University of Tartu Professor of Sociology Veronika Kalmus:
“Estonia 200” made an unprecedented opening in the history of political communication in this country. They opted for a complicated two-move strategy and a deliberately shocking approach to grasp public attention and differentiate themselves clearly in the political landscape. Such a strategy is, beyond any doubt, risky. Firstly, inter-ethnic relations are one of the most sensitive topics for both of the main language communities in Estonia; thus, hurting the innermost feelings of considerable parts of the electorate is highly probable. Secondly, “Estonia 200” used a sophisticated metatextual rhetoric that can be interpreted in different ways, including undesirable decoding.
Nevertheless, the campaign attained two of its main aims – attracting attention and re-raising the problem of ethnic segregation on the public agenda. The long-term effects of this strategic manoeuvre are yet to be seen.
University of Tartu Professor of Semiotics of Culture Peeter Torop:
On their own, the posters mark both verbally and visually the division between communities. This campaign should spark thinking about societal cohesion: a) why language study alone is not enough for integration; b) how important cultural integration is, bringing Russians into Estonian cultural space by interpreting Estonian culture to Russian people; c) how important it is to learn from the previous experience of conflict in cultural space, particularly in connection to the notions of ghettoisation and colonisation from the cultural shock theory (the phenomena of Lasnamäe and North-east Estonia, Lihula monument and Bronze Soldier as “victims” of spacial conflicts).
From the point of view of cultural semiotics, the richness of culture as a collective intellect depends on the number of its various expressions.

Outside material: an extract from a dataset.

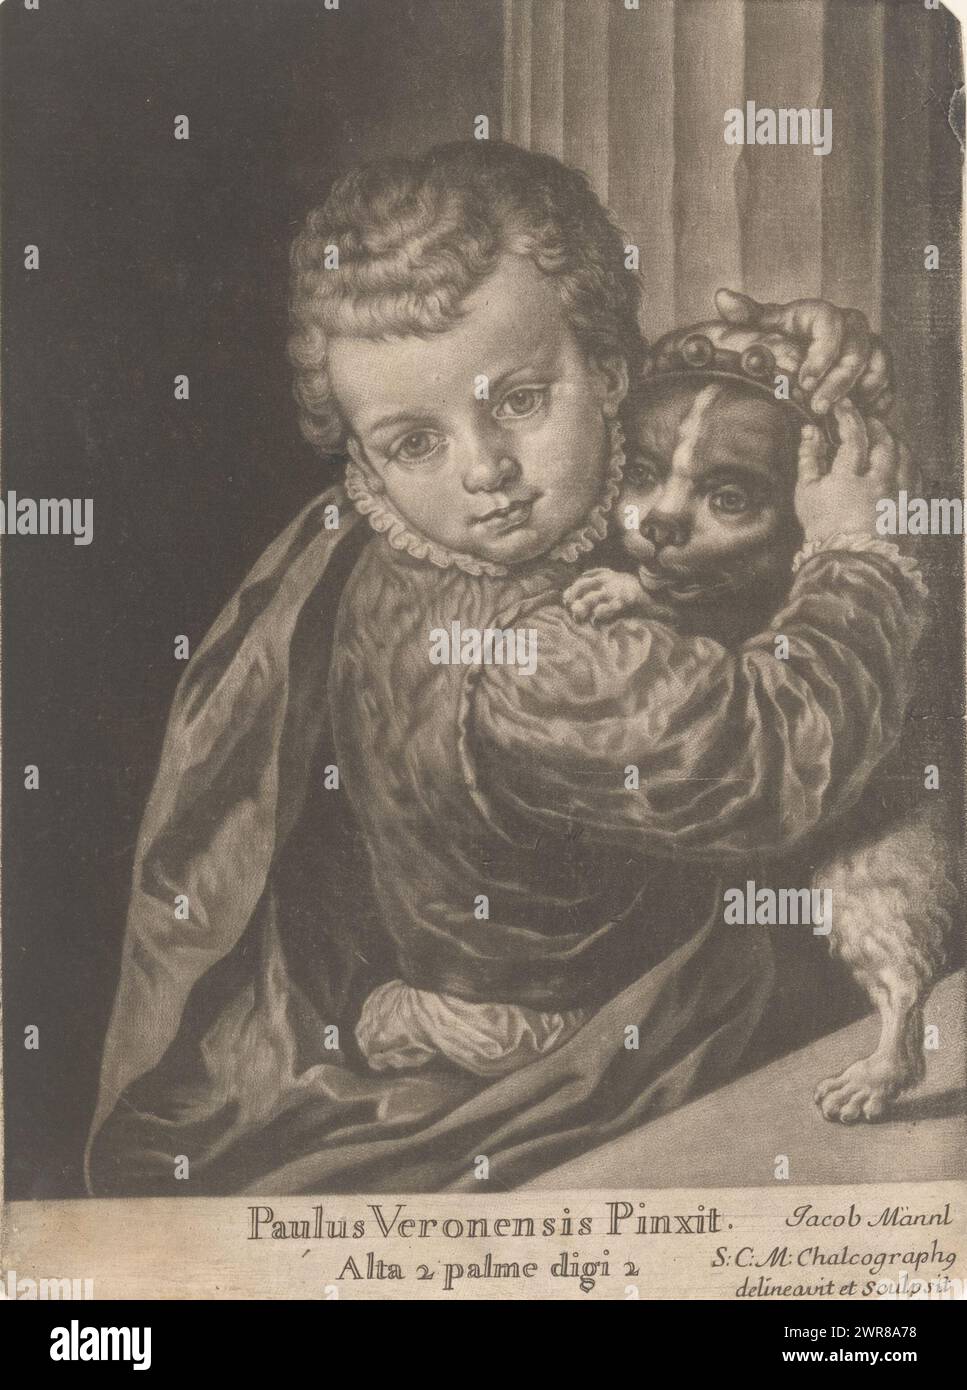 Garçon avec chien, peintures de la Galerie Impériale de Vienne (titre de la série), imprimeur : Jakob Männl, d'après la peinture de : Paolo Veronese, 1663 - 1712, papier, hauteur 234 mm × largeur 170 mm, impression Banque D'Images

From this point of view, every activity that stimulates self-awareness is welcome. Different attitudes towards these posters demonstrate society and its media’s strengths and weaknesses in understanding oneself.
It is important for cultural semiotics that the balance of culture as a complicated system depends greatly on the feedback. Every new self-expression seeks certain feedback. Anticipation of the feedback is based on knowing the target group or the society as a whole. If the feedback is unexpected, explanations are added for help. This campaign either aimed for conscious provocation or miscalculated the feedback. During the election period, the number of borders between the own and alien is in correlation with the number of parties, and expert opinions aren’t particularly heard. This is due to devaluation of the notion of expert in Estonia. It would have been possible to create a positive aura for the campaign with immediate explanations in mass media.
Better planning on how to unite the visual and the verbal message, as well as how to bring the campaign to the city space, would have been ideal, of course. Still, the campaign has a positive effect, although it is nothing new. It is acknowledgement of the fact that the Estonian and Russian communities live in their own worlds; however, the nature of this division requires a much more serious analysis than focusing on language study.
This story is based on the campaign coverage by ERR News.
Inga Külmoja is an author and the editor of the UT Blog.